Lodovico Guicciardini, Detti, et fatti piacevoli et gravi, di diversi principi filosofi, et cortigiani (Venice, 1571), Folger Shakespeare Library

The Johns Hopkins University's Sheridan Libraries, in partnership with University College London's Centre for Editing Lives and Letters (CELL) and the Princeton University Library, have been awarded a $488,000 grant from the Andrew W. Mellon Foundation to implement "The Archaeology of Reading in Early Modern Europe."

This new digital humanities research initiative will explore historical reading practices through the lens of manuscript annotations preserved in early printed books.

Earle Havens, the curator of rare books and manuscripts at the Sheridan Libraries, is one of three principal investigators for this international research project. He will work closely with two of the world's leading scholars of the history of reading—Lisa Jardine, director of CELL at University College London; and Anthony Grafton of the Department of History at Princeton.

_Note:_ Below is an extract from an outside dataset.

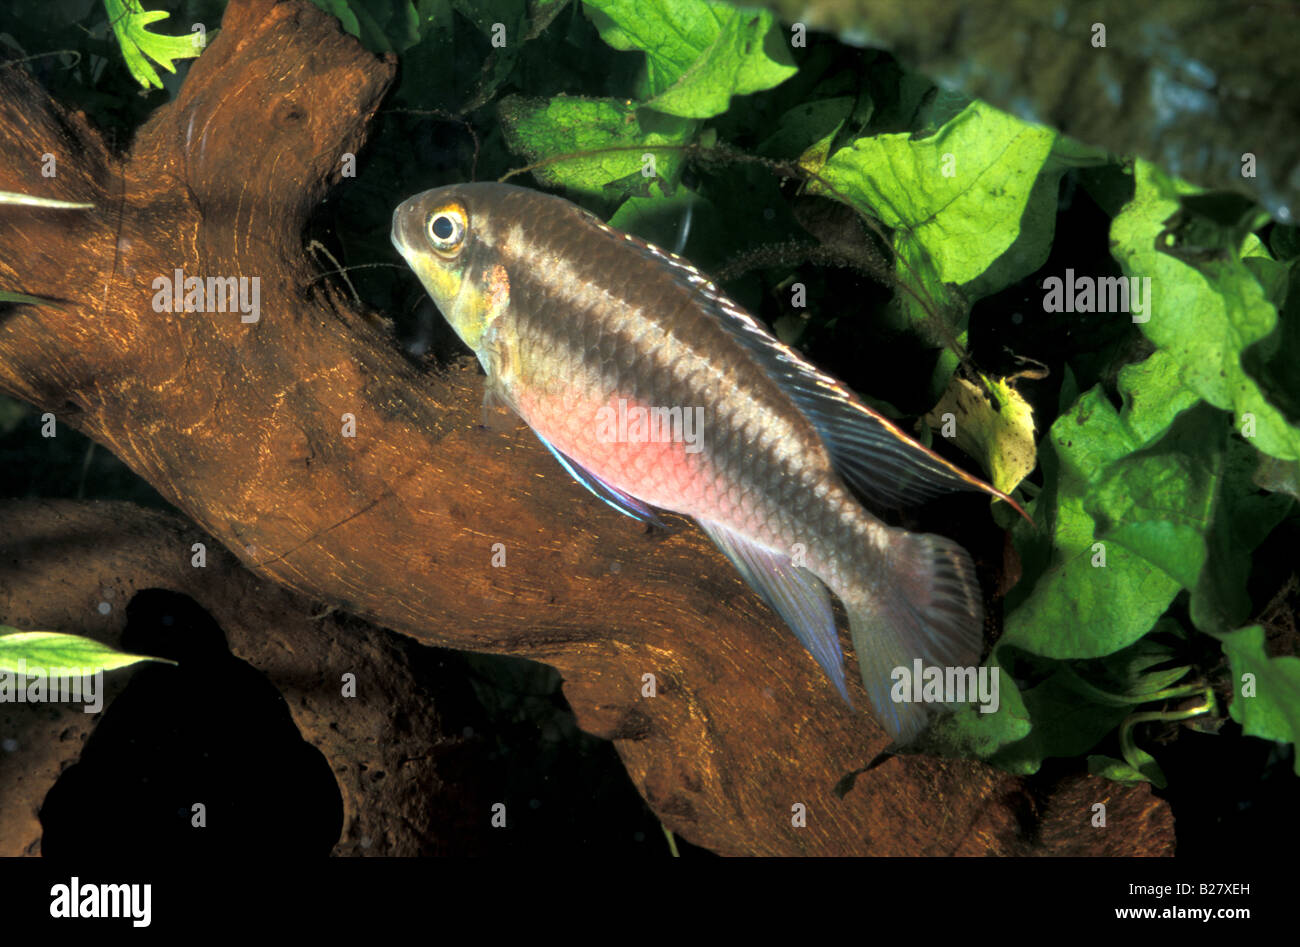 Pelvicachromis pulcher, Dward Cichlid, Africa Stock Photo

"We are extremely grateful to the Mellon Foundation for their support of research into this fascinating but underexplored part of history," said Winston Tabb, Sheridan Dean of University Libraries and Museums. "Renaissance readers left us a wealth of material to investigate. This kind of deep discovery work would not be possible without the combined expertise of an international team of humanists and technologists bringing a broad range of expertise together, and we look forward to sharing what they uncover with the world."

The project builds on several decades of humanistic research that has focused on the printing revolution of the 16th century and the widespread practice by active readers of leaving often dense, interpretive manuscript annotations in the margins (and between the lines) of the books they read. This diverse evidence of annotation provides a considerable range of unique and largely untapped research materials, which reveal that readers—much as users of the Internet today—adapted quickly to the technology of print: interacting intimately, dynamically, socially, and even virtually with texts.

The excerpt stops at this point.